Worked perfectly! Thanks so much.

Awesome. That worked. Thanks very much. For the record, it works on dataset version “datasets-2.17.0”

I am still getting following error

Found cached dataset csv (file:///root/.cache/huggingface/datasets/knkarthick___csv/knkarthick–dialogsum-cd36827d3490488d/0.0.0/6954658bab30a358235fa864b05cf819af0e179325c740e4bc853bcc7ec513e1)

NotImplementedError Traceback (most recent call last)
Cell In[8], line 3
1 huggingface_dataset_name = “knkarthick/dialogsum”
----> 3 dataset = load_dataset(huggingface_dataset_name)

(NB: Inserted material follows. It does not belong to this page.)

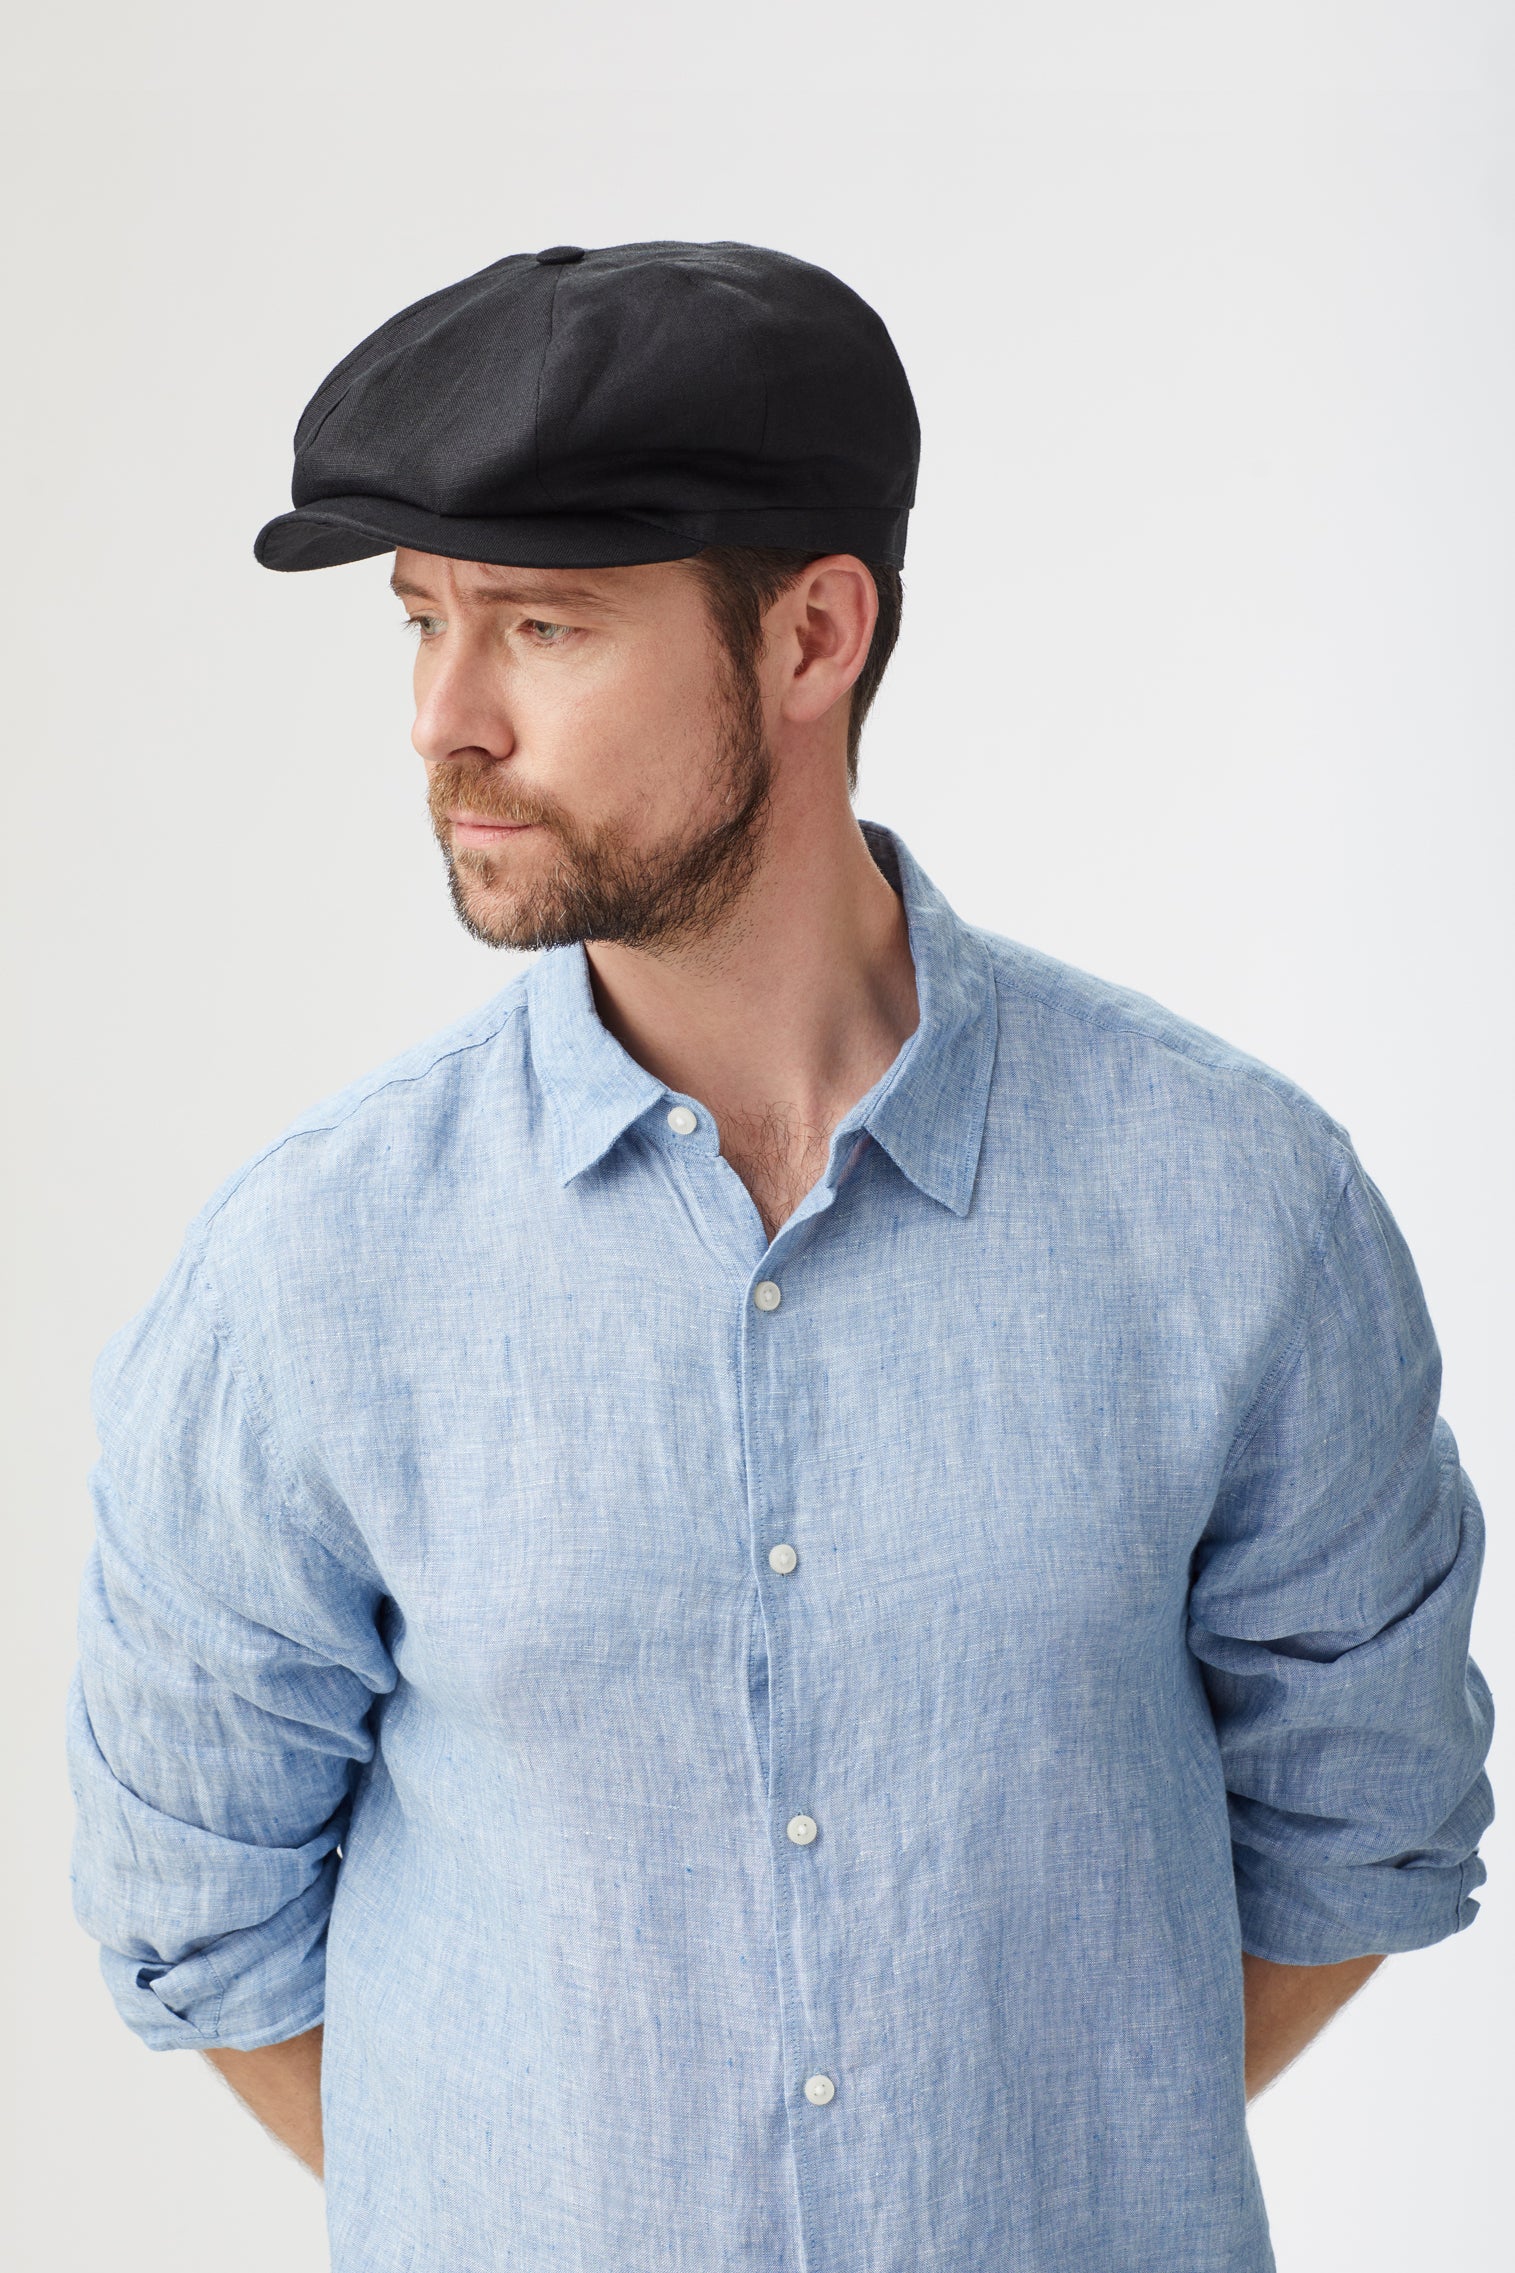 Tremelo Black Linen Bakerboy Cap - Father's Day Gift Guide - Lock & Co. Hatters London UK

File /opt/conda/lib/python3.10/site-packages/datasets/load.py:1804, in load_dataset(path, name, data_dir, data_files, split, cache_dir, features, download_config, download_mode, verification_mode, ignore_verifications, keep_in_memory, save_infos, revision, use_auth_token, task, streaming, num_proc, storage_options, **config_kwargs)
1800 # Build dataset for splits
1801 keep_in_memory = (
1802 keep_in_memory if keep_in_memory is not None else is_small_dataset(builder_instance.info.dataset_size)
1803 )
→ 1804 ds = builder_instance.as_dataset(split=split, verification_mode=verification_mode, in_memory=keep_in_memory)
1805 # Rename and cast features to match task schema
1806 if task is not None:

File /opt/conda/lib/python3.10/site-packages/datasets/builder.py:1108, in DatasetBuilder.as_dataset(self, split, run_post_process, verification_mode, ignore_verifications, in_memory)
1106 is_local = not is_remote_filesystem(self._fs)
1107 if not is_local:
→ 1108 raise NotImplementedError(f"Loading a dataset cached in a {type(self._fs).name} is not supported.")
1109 if not os.path.exists(self._output_dir):
1110 raise FileNotFoundError(
1111 f"Dataset {self.name}: could not find data in {self._output_dir}. Please make sure to call "
1112 "builder.download_and_prepare(), or use "
1113 “datasets.load_dataset() before trying to access the Dataset object.”
1114 )

NotImplementedError: Loading a dataset cached in a LocalFileSystem is not supported.

it still doesnt work

I have the same problem. I applied the above instructions but it failed.

+1. Same problem for me too. No changes to the Week 2 notebook but load dataset step keeps failing.

Getting the same eror on Week2 labs

After several attempts, the below scripts ran successfully. Thanks @Sanket_Panchalwar and @vaxy…

%pip install -U datasets

%pip install --upgrade pip
%pip install --disable-pip-version-check
torch==1.13.1
torchdata==0.5.1 --quiet

%pip install
transformers==4.27.2
datasets==2.17.0
evaluate==0.4.0
rouge_score==0.1.2
loralib==0.1.1
peft==0.3.0 --quiet

“in the second run skip installing the libraries cell.” This part is very important because if you will run those cells then error persists.

Hi everyone! Thank you for reporting this. We are looking into this issue. Will update you as soon as possible. In the meantime, please try Sanket and Derya’s workarounds. Thank you and sorry for the inconvenience!

Can someone please explain in a way that anyone can understand?

What is the exact command to run and where?

What does “in the second run skip installing the libraries cell” mean?

Maybe a screenshot, or something?

+1 how exactly do I skip installing the libraries?

Hi everyone! The issue should now be fixed. If you launch the lab again from the classroom, you should see pip install -U datasets in the 2nd code cell.

After you restart the kernel then dont run “pip install” cell of your jupyter notebook again.

@nik95, that should not be necessary, as the issue has been fixed.

It is not fixed, you posted 5 hours ago and I recently just restarted the lab and it still give the error.

Hi Kevin. Can you post here a screenshot of the pip install cell (usually the 2nd code cell of the lab), and also a screenshot of the error after running the pip installs? I can forward it to the team for checking. Thanks.